* _WHAT IS NEEDED_
Which lines of the entries below hold the word "Casual"? Report each of them.

* _INFORMATION SHOWN_
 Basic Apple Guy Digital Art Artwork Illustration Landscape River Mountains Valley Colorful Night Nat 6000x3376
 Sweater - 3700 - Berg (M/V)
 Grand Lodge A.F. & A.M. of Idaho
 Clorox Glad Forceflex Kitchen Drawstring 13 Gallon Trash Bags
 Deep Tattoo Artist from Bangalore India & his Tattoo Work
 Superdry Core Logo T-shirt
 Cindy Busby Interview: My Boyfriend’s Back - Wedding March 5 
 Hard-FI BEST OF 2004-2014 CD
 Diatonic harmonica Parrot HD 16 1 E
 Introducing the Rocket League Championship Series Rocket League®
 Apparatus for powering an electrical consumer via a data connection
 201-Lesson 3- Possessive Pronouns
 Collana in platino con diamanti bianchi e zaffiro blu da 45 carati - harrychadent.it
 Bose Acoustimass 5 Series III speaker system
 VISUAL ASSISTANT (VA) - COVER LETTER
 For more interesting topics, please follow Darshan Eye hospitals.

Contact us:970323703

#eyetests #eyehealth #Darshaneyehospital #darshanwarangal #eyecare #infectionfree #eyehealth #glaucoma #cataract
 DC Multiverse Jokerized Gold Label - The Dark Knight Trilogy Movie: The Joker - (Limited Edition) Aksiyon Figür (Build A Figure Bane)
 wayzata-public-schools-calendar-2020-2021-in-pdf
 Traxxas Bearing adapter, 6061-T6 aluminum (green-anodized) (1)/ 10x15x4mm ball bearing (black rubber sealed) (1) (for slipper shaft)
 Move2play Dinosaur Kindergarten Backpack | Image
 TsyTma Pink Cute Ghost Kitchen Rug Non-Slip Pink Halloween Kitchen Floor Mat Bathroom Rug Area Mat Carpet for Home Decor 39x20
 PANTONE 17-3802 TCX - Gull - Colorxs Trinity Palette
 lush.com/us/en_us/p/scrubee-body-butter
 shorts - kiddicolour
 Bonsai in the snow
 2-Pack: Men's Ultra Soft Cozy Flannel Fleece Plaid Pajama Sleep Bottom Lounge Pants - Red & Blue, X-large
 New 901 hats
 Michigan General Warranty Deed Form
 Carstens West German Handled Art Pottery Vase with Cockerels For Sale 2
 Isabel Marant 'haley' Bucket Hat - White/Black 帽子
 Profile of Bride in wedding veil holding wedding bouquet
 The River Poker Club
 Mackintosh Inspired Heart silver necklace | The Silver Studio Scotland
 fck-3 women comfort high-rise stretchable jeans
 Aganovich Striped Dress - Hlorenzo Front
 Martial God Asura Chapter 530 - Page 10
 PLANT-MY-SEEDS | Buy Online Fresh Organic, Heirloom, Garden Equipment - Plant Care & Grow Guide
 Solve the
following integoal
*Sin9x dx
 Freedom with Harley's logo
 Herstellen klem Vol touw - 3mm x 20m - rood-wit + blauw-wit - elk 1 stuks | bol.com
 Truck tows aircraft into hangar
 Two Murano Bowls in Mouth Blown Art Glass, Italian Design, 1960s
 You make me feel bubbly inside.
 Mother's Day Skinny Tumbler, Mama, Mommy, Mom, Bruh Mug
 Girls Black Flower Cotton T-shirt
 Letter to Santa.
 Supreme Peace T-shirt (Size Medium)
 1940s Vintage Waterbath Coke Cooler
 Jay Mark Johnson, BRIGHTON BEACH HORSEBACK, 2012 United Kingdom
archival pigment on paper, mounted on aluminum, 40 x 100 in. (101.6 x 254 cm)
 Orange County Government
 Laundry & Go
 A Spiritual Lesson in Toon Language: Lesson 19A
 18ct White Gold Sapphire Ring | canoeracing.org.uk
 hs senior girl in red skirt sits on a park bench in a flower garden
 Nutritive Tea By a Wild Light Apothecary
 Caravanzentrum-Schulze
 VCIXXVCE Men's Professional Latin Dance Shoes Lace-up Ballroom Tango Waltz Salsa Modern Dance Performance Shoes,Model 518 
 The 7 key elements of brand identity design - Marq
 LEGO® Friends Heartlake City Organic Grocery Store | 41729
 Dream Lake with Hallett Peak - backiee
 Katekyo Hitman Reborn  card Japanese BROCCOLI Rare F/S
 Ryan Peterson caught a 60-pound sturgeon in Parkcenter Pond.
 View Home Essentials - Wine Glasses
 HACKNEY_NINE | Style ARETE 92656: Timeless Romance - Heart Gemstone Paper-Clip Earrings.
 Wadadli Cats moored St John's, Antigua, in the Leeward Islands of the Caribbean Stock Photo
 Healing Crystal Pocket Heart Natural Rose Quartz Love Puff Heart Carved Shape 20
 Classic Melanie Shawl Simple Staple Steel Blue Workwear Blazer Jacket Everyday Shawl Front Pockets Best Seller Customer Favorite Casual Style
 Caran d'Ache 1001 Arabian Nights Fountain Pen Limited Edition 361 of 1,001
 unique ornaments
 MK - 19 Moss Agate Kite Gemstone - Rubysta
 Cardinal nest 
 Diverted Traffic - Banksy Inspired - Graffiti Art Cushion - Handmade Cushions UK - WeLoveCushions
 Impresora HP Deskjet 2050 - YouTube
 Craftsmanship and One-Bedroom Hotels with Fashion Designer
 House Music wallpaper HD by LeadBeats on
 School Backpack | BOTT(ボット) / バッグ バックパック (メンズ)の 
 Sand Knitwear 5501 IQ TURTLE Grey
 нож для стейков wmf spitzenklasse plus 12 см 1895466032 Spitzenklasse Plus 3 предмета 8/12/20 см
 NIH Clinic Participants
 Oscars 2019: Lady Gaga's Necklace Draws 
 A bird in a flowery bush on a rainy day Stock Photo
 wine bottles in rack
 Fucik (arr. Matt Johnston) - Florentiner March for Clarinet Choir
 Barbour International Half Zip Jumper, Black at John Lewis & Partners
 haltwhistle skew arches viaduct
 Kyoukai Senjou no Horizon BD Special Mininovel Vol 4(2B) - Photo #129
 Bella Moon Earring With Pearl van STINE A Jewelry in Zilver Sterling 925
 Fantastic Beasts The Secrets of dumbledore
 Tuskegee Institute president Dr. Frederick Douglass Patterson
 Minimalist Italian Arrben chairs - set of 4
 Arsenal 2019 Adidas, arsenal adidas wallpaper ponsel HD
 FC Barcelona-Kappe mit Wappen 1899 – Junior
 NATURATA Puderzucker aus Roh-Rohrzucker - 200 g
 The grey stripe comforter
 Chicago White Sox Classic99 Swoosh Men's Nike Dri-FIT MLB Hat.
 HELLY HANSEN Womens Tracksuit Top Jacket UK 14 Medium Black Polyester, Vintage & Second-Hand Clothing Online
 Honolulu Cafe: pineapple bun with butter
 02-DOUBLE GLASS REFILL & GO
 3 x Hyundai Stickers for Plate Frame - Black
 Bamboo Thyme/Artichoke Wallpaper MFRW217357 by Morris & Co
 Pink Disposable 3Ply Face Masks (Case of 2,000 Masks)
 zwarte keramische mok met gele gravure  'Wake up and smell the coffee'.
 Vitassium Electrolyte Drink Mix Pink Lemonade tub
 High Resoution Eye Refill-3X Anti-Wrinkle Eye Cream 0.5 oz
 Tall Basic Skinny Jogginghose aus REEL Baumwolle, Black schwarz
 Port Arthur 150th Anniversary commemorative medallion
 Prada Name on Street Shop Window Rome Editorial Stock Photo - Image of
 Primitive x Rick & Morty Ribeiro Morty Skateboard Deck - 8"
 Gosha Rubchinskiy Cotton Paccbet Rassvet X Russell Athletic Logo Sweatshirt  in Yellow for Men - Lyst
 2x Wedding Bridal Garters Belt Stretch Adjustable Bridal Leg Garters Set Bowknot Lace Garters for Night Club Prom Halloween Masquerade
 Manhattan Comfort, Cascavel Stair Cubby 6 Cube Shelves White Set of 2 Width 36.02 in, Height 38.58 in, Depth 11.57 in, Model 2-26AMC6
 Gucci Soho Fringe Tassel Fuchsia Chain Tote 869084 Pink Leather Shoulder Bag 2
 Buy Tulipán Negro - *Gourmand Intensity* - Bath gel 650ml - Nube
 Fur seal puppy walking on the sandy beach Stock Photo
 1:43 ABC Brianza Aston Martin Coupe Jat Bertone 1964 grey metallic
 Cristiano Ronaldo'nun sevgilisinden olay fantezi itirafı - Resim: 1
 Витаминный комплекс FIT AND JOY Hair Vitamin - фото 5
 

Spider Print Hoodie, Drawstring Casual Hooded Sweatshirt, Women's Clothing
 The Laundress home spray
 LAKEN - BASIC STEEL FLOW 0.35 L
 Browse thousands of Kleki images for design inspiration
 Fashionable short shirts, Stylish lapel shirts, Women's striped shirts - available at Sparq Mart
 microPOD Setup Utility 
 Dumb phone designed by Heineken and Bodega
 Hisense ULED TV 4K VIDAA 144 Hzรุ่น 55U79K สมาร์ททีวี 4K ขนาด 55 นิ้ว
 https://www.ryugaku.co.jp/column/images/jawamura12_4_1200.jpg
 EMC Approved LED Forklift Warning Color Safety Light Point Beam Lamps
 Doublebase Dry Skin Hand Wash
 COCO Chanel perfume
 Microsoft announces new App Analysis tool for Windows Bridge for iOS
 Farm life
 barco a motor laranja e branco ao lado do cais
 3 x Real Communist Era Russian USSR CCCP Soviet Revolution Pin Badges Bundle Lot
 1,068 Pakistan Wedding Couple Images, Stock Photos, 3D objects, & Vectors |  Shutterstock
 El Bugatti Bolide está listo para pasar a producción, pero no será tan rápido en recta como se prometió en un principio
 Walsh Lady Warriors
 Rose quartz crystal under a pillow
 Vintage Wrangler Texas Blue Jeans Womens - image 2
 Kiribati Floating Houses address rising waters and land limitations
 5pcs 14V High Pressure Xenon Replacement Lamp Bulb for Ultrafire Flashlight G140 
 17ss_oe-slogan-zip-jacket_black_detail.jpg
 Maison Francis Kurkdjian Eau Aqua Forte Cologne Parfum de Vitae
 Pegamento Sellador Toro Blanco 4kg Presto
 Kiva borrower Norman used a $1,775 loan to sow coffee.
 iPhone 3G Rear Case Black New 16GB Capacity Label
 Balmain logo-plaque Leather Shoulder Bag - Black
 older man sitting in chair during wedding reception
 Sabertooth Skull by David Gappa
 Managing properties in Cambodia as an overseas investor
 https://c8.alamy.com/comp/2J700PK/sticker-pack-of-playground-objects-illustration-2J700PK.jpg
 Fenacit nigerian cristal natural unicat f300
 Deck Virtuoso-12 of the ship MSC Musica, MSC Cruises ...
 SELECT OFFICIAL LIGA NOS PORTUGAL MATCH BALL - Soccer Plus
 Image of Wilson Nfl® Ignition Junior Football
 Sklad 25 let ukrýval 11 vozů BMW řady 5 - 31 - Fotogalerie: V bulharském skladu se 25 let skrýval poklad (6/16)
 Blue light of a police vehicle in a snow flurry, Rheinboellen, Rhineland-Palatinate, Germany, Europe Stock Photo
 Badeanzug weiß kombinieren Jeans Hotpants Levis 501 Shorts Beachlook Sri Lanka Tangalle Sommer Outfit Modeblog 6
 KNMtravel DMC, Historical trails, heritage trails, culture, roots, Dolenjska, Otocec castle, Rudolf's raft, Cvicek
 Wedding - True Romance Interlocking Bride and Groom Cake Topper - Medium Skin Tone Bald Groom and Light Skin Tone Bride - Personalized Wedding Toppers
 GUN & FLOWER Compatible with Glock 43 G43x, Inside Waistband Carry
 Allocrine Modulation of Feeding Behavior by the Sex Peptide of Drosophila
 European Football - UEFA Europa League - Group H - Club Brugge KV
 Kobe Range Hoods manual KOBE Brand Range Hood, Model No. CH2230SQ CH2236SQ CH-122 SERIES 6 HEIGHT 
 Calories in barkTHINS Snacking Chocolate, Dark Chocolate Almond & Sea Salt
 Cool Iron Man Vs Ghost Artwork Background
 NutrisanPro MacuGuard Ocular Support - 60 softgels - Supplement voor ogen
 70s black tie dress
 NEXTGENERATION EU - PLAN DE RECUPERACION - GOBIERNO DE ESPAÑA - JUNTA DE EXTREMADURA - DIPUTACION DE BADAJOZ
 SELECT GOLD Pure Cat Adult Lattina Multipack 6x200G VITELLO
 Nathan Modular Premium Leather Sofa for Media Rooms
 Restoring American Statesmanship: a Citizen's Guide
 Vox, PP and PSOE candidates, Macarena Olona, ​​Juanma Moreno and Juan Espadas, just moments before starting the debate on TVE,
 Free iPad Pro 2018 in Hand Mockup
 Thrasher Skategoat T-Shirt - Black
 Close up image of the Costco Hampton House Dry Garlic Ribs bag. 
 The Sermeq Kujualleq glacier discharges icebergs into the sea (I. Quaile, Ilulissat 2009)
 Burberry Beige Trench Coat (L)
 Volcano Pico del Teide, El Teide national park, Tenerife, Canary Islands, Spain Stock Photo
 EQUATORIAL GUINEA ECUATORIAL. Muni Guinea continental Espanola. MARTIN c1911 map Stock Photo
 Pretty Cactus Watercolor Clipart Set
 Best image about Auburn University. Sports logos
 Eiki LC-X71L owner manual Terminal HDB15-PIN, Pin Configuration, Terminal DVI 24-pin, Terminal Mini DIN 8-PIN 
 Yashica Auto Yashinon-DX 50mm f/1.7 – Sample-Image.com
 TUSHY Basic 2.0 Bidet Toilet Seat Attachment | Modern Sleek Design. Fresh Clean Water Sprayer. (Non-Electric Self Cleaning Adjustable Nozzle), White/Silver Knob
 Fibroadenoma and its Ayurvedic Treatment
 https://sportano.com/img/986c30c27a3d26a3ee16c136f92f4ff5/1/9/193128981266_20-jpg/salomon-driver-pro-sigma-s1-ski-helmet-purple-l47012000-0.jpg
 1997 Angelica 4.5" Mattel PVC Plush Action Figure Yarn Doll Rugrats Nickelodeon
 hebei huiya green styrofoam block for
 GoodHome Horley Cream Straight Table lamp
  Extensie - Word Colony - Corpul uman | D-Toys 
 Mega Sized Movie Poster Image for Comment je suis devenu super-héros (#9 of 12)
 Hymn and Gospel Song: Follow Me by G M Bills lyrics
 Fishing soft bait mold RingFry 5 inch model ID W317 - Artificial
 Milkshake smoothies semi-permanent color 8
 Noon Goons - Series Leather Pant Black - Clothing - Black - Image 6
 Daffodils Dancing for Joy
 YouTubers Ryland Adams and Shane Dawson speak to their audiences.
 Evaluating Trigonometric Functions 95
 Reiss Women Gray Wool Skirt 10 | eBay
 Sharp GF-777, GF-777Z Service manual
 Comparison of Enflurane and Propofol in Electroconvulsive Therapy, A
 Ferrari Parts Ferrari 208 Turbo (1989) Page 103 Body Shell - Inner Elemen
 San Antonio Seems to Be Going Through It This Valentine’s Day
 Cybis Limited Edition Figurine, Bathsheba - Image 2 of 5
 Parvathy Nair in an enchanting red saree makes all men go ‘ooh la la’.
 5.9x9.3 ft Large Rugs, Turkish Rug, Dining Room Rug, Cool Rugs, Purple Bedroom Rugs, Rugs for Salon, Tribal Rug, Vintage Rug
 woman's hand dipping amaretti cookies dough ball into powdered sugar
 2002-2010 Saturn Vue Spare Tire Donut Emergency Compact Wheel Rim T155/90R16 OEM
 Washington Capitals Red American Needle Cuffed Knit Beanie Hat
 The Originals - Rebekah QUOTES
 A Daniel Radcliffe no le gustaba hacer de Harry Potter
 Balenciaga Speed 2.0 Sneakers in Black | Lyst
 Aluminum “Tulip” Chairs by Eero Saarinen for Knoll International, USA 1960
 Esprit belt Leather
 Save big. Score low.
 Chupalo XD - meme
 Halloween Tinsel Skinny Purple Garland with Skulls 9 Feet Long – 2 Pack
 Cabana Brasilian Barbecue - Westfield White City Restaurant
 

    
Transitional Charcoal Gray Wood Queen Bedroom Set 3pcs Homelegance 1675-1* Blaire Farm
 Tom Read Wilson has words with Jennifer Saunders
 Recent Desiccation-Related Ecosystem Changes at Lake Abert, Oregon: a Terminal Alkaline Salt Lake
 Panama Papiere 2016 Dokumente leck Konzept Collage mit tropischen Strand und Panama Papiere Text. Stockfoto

* _TASK SOLUTION_
 Classic Melanie Shawl Simple Staple Steel Blue Workwear Blazer Jacket Everyday Shawl Front Pockets Best Seller Customer Favorite Casual Style
Spider Print Hoodie, Drawstring Casual Hooded Sweatshirt, Women's Clothing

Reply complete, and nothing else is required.